После чего повернулся к Марио и с довольной улыбкой сказал:

— У меня действительно, должно быть, неплохой грим, если меня не узнал мой собственный сын!

Только тогда Мимми заметил знакомую сигарету, которую старик держал в руке. Юноша почувствовал, что отец утомлен, но тот сказал, что с ним все в порядке. Мимми поцеловал, как обычно, отцу руку и пошел в зал.

Первые два действия прошли хорошо, хотя позднее Мимми узнал, что в антракте Карузо стонал от боли. В третьем акте плохое самочувствие тенора стало совершенно очевидным. Карузо с огромным трудом давалась каждая фраза. Обычно во время арии исполнительница партии Рашель сидела у ног Карузо-Элеазара и гладила его по руке. В этот раз Карузо попросил Флоренс Истон, чтобы она держала его руку как можно сильней — как только могла. Во время пения он впивался в руку артистки, которая была в панике, понимая, какую чудовищную боль испытывает ее великий партнер… На следующий день критики единодушно отметили, что исполнение Карузо было невероятным по экспрессии и трагизму.

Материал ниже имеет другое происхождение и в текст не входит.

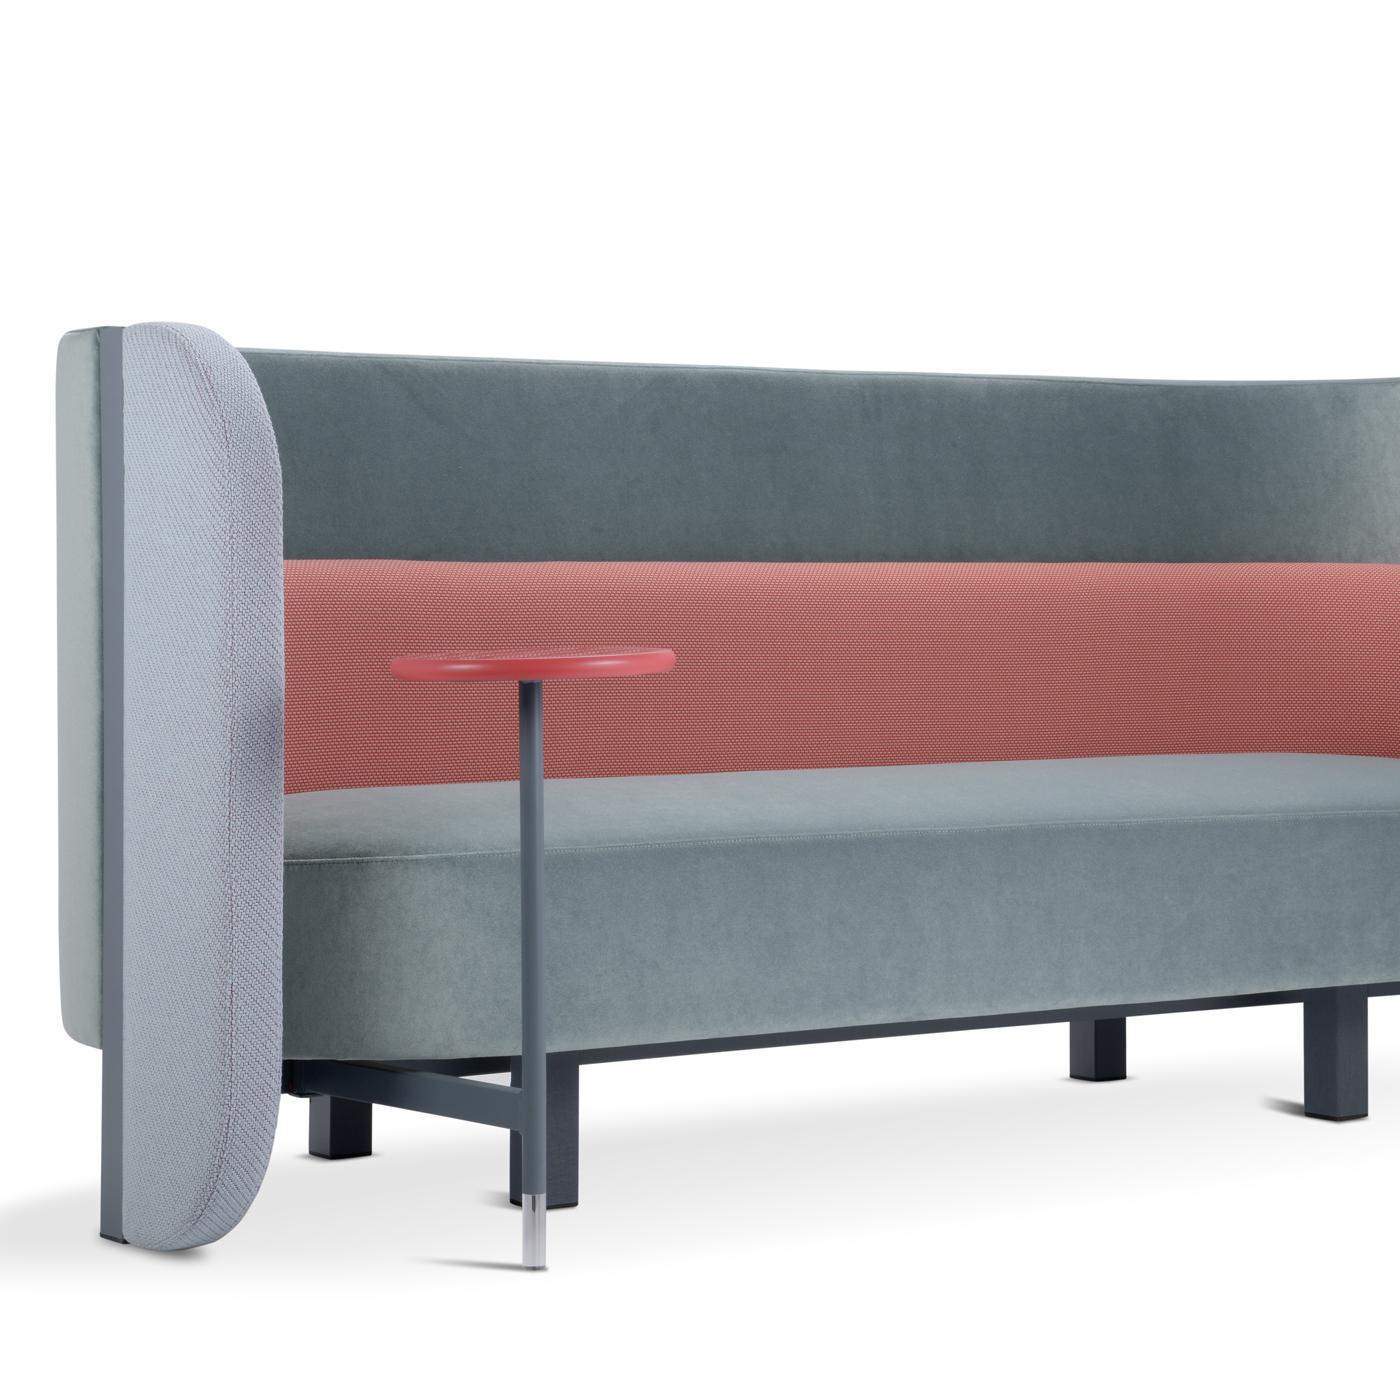 Multifunktionales Sofa, auf dem Sie sich entspannen oder arbeiten können, dank des praktischen kleinen Tisches und der USB-Anschlüsse für Ihre mobilen Geräte. Die umhüllende Form, die durch zwei sich schließende und schützende Flügel gekennzeichnet

В конце спектакля слезы текли по лицу Карузо, он едва держался на ногах. Тем не менее он вновь и вновь выходил на нескончаемые овации, которые ему устраивала публика. В полубессознательном состоянии, бледного и измученного, Карузо доставили домой.

Это был 607-й выход великого тенора в «Метрополитен-опере», и последний.

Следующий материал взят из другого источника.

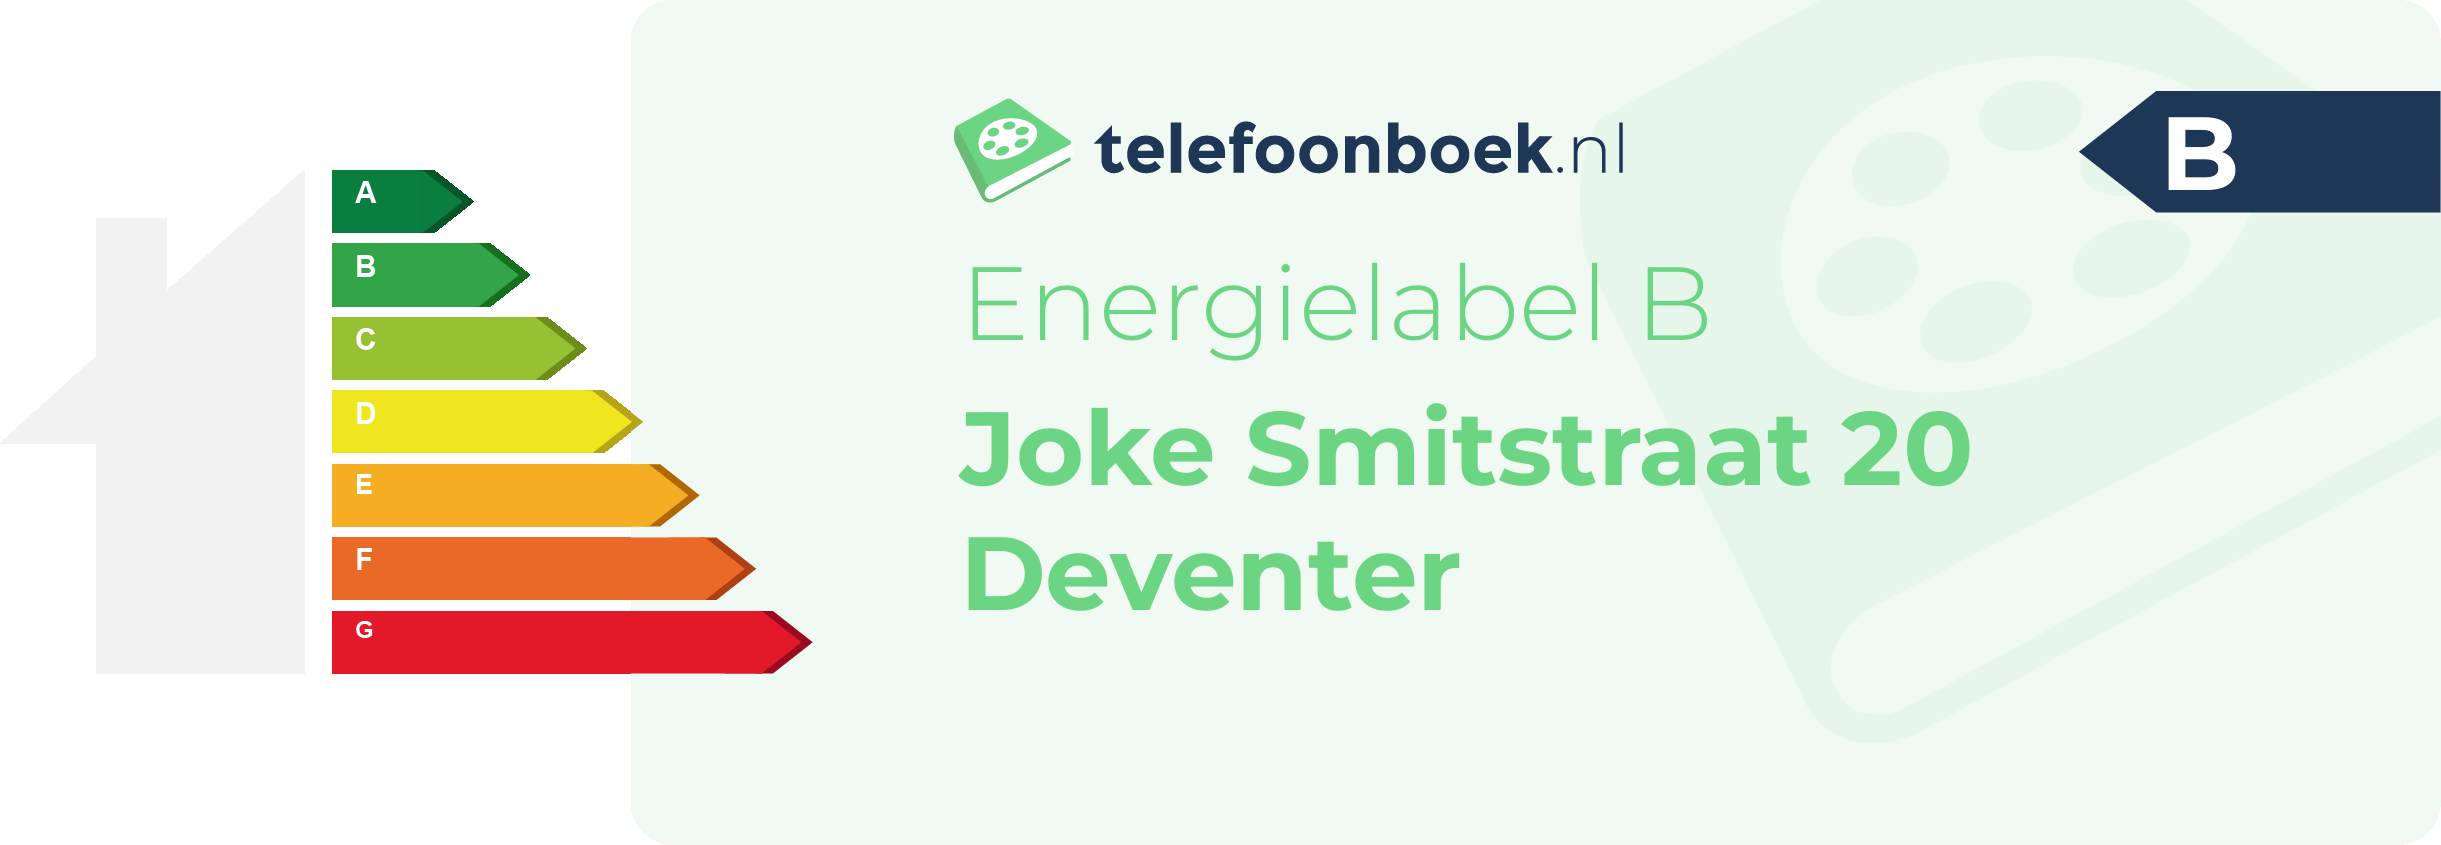 Energielabel Joke Smitstraat 20 Deventer

Двадцать четвертого декабря 1920 года оперная карьера Энрико Карузо завершилась.

Дороти запомнила этот день: «Хотя в течение суток перед спектаклем Энрико чувствовал только тупую боль в боку, мне не хотелось, чтобы он пел в сочельник. Гатти тоже был очень взволнован и пришел к нам как раз в тот момент, когда у нас находился доктор.

— Голос у него в порядке, — сказал он.

Это оказался единственный его спектакль в Нью-Йорке, на котором я не присутствовала, кроме тех, что я пропустила в связи с рождением Глории. Когда он ушел в театр, Энрикетта, Брунетта и я принялись сооружать в гостиной грандиозную „рождественскую панораму“. Электрические лампочки были развешены на камине так, чтобы освещать фигурки королей и пастухов с подарками в руках.

Я пригласила друзей Энрико к нам после спектакля на такой ужин, который всегда устраивался в этот день в Неаполе. Были угри, приготовленные пятью способами, горячий и холодный осьминог и всякого рода мелкая рыба, жареная и сушеная.

Мне не казалось особенно вкусным ни одно из этих блюд. Когда Энрико вернулся, я встретила его у двери. Глаза его смотрели бодро, но лицо было землистого цвета, как будто его кровь стала серой. Он был тронут „панорамой“, восхищен ужином и рад друзьям, но не веселился, как бывало, от всей души.

— Я думаю, будет лучше, если я возьму только чашку бульона, — сказал он.

Доктор Горовиц тоже был у нас — единственный случай, когда он оказался полезен, так как вытащил рыбью кость у меня из горла. Когда все ушли, я спросила Энрико о спектакле.

— Все остались довольны, — ответил он, — но бок сильно болел.

Это оказался его последний спектакль, а я не была на нем, не слышала его…»[407]

Катастрофа неумолимо приближалась. В день самого радостного праздника в году произошло одно из самых трагических событий в недолгой супружеской жизни Энрико и Дороти. Утро начиналось довольно спокойно. Они собирались в театр — вручать рождественские подарки коллегам и работникам «Метрополитен-оперы» (Энрико по традиции вручал подарки в этот день практически всем — так, каждый хорист получал от него пять долларов). Карузо пошел в ванную комнату, а Дороти, читая длинный список, начала раскладывать подарки по коробочкам. Внезапно она услышала страшный крик, донесшийся из ванной. Вместе с Марио и Бруно Дзирато она кинулась туда. Увидев лежащего на полу Энрико, корчившегося от боли, они с трудом дотащили его до кровати и сразу же вызвали доктора, который немедленно ввел ему морфий. Однако это помогло лишь на короткое время. Энрико вскоре очнулся и начал стонать от страшной боли в груди и боку — так, что Дороти была вынуждена заткнуть уши пальцами. Срочно был вызван другой врач — доктор Эванс, который наконец-то поставил правильный диагноз: острый плеврит, который вот-вот перейдет в воспаление легких. После еще одной инъекции морфия Карузо заснул.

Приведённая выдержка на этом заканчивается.